Sather was also responsible for sending Esa Tikkanen, Craig MacTavish, Jeff Beukeboom and Kevin Lowe to New York, all key players on the 1994 championship team.

Lowe, who was hired by Sather to coach the Oilers last season, is considered to be the leading candidate for the Rangers job. However, Sather did not reveal any of the candidates he is considering.

"I haven't made the decision, but I have a list of names I'm looking at," Sather said. "I would like to have someone in place by the draft."

Lowe has become the prime candidate to replace Sather as the Oilers' general manager, but may opt to follow Sather to New York. MacTavish, Lowe's top assistant at Edmonton, is another possibility to coach for Sather in New York unless he is promoted in Edmonton.

Inducted to the Hall of Fame in 1997, Sather has been one of the league's most successful executives for two decades and was general manager or coach as the Oilers won five Stanley Cups between 1984-90.

In 1978-79, Sather laid the groundwork for Edmonton's success by purchasing Wayne Gretzky from the Indianapolis Racers of the World Hockey Association. Following the Oilers' inaugural NHL season, Sather was named general manager. In 1980, he drafted Paul Coffey, Jari Kurri and Andy Moog.

After capturing the Stanley Cup following the 1983-84 season, the Oilers went on to win four championships in the next six years.

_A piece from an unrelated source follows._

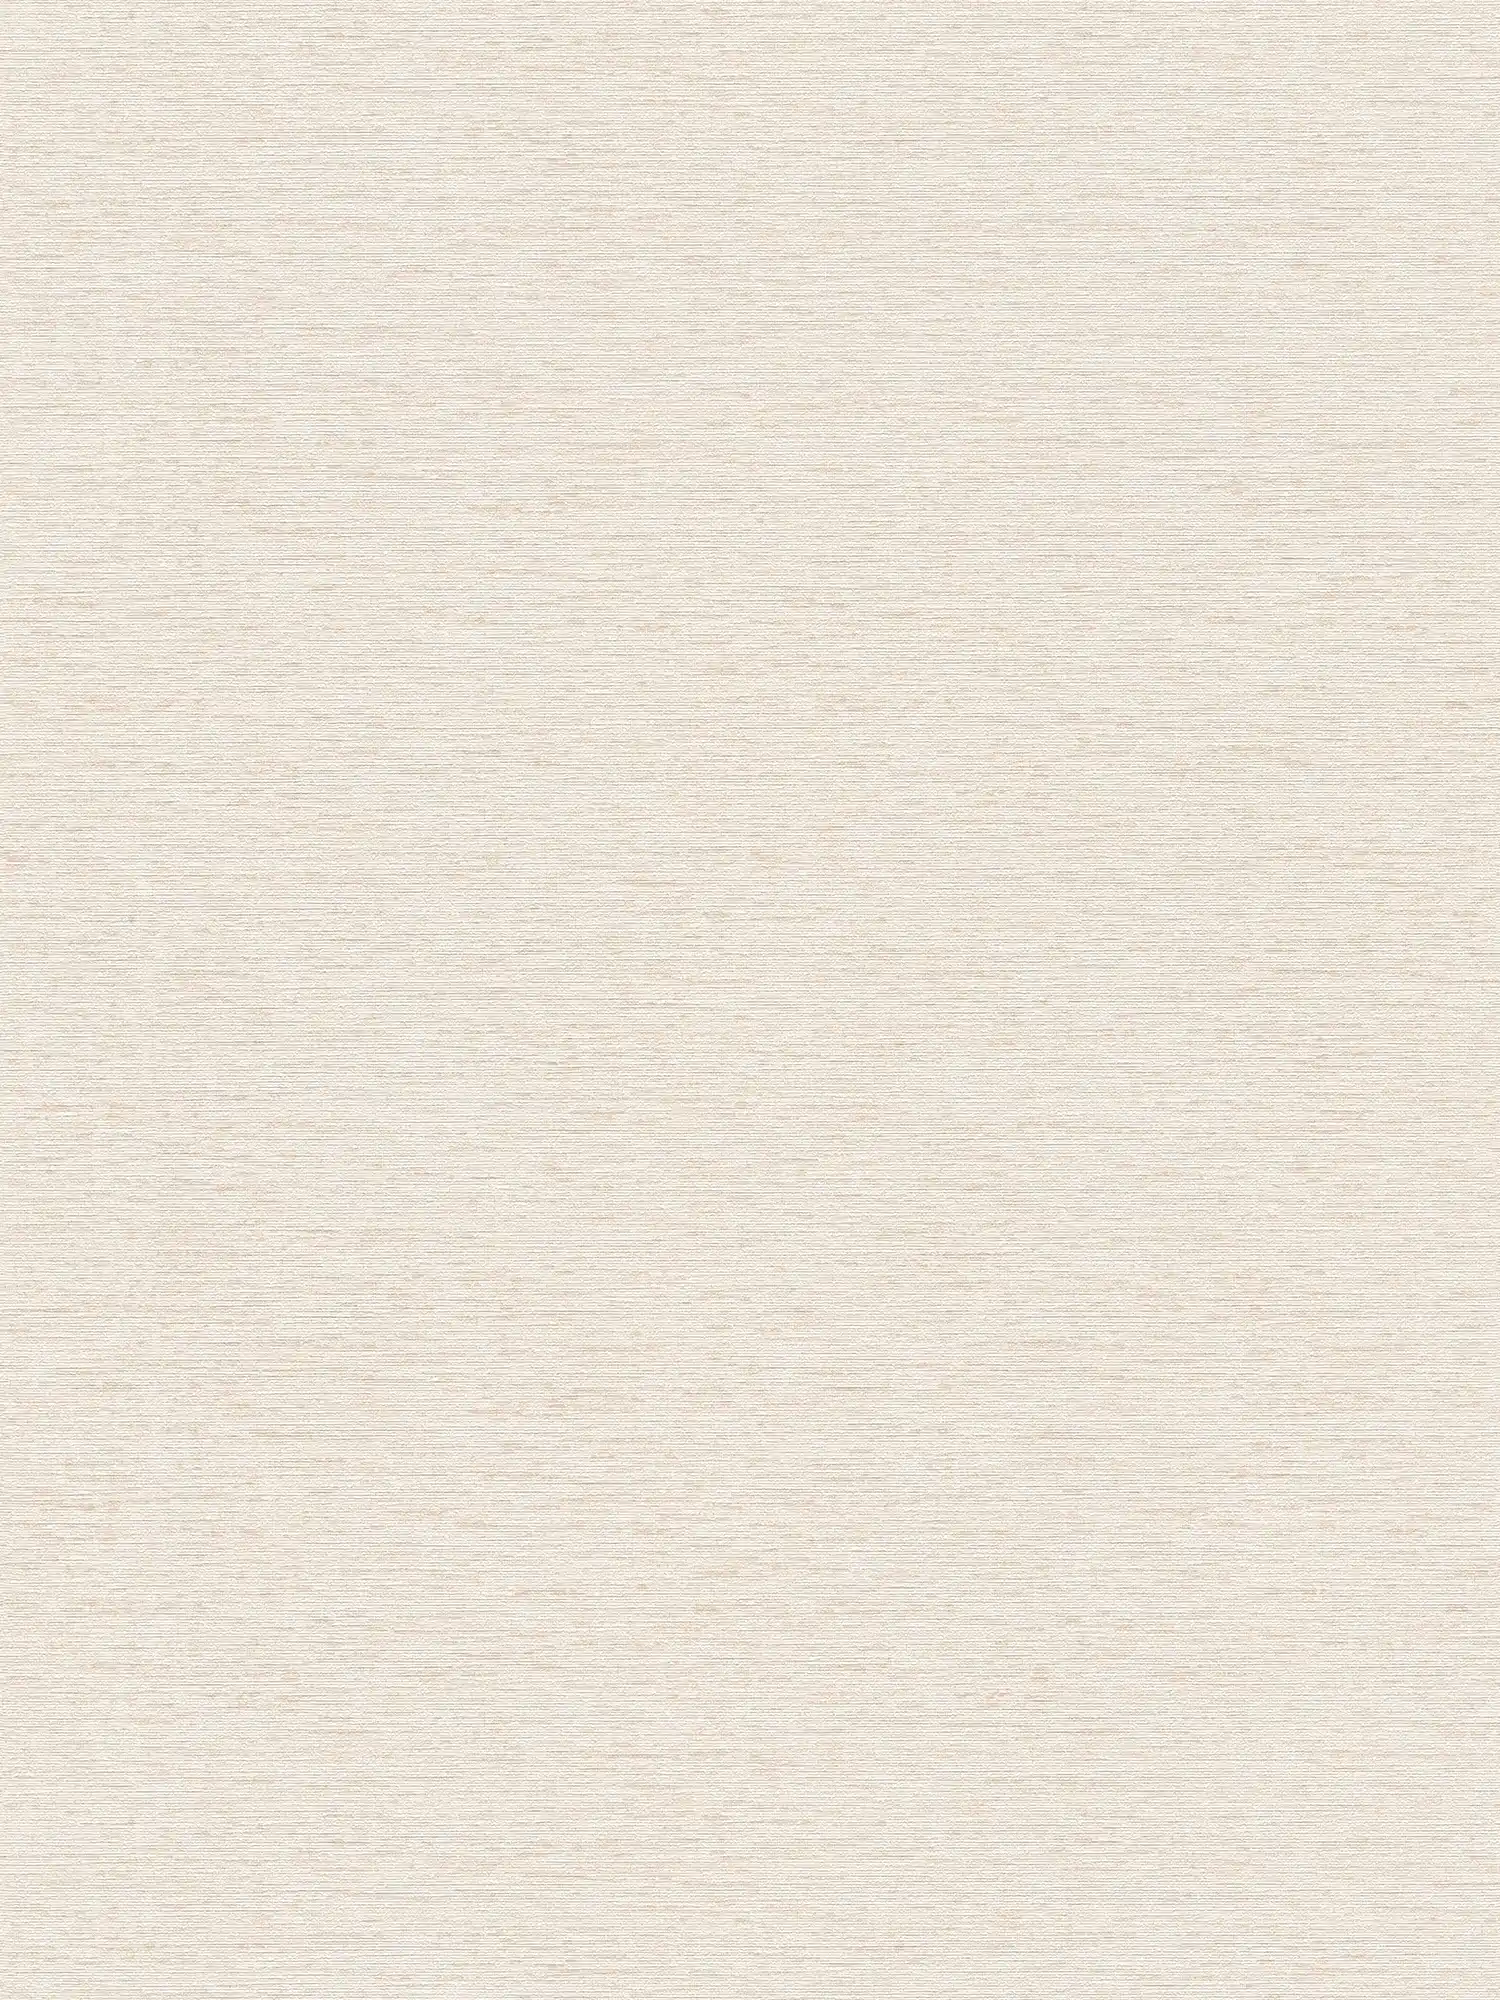 Plain wallpaper with fabric structure, matt - cream, white, beige

Even after dealing Gretzky to Los Angeles before the 1988-89 season, Sather's Oilers won their fifth Cup in 1990 and reached the conference finals in 1991 and 1992.

Starting with Coffey, Sather was forced to systematically trade away the nucleus of those championship teams due to budget constraints and it caught up to Edmonton in 1993, the first of four straight years it missed the playoffs.

Despite the budget problems, Sather was able to re-invigorate the franchise with shrewd drafting and trades, and the Oilers have not missed the playoffs since. They have been eliminated by the Dallas Stars each of the last three seasons.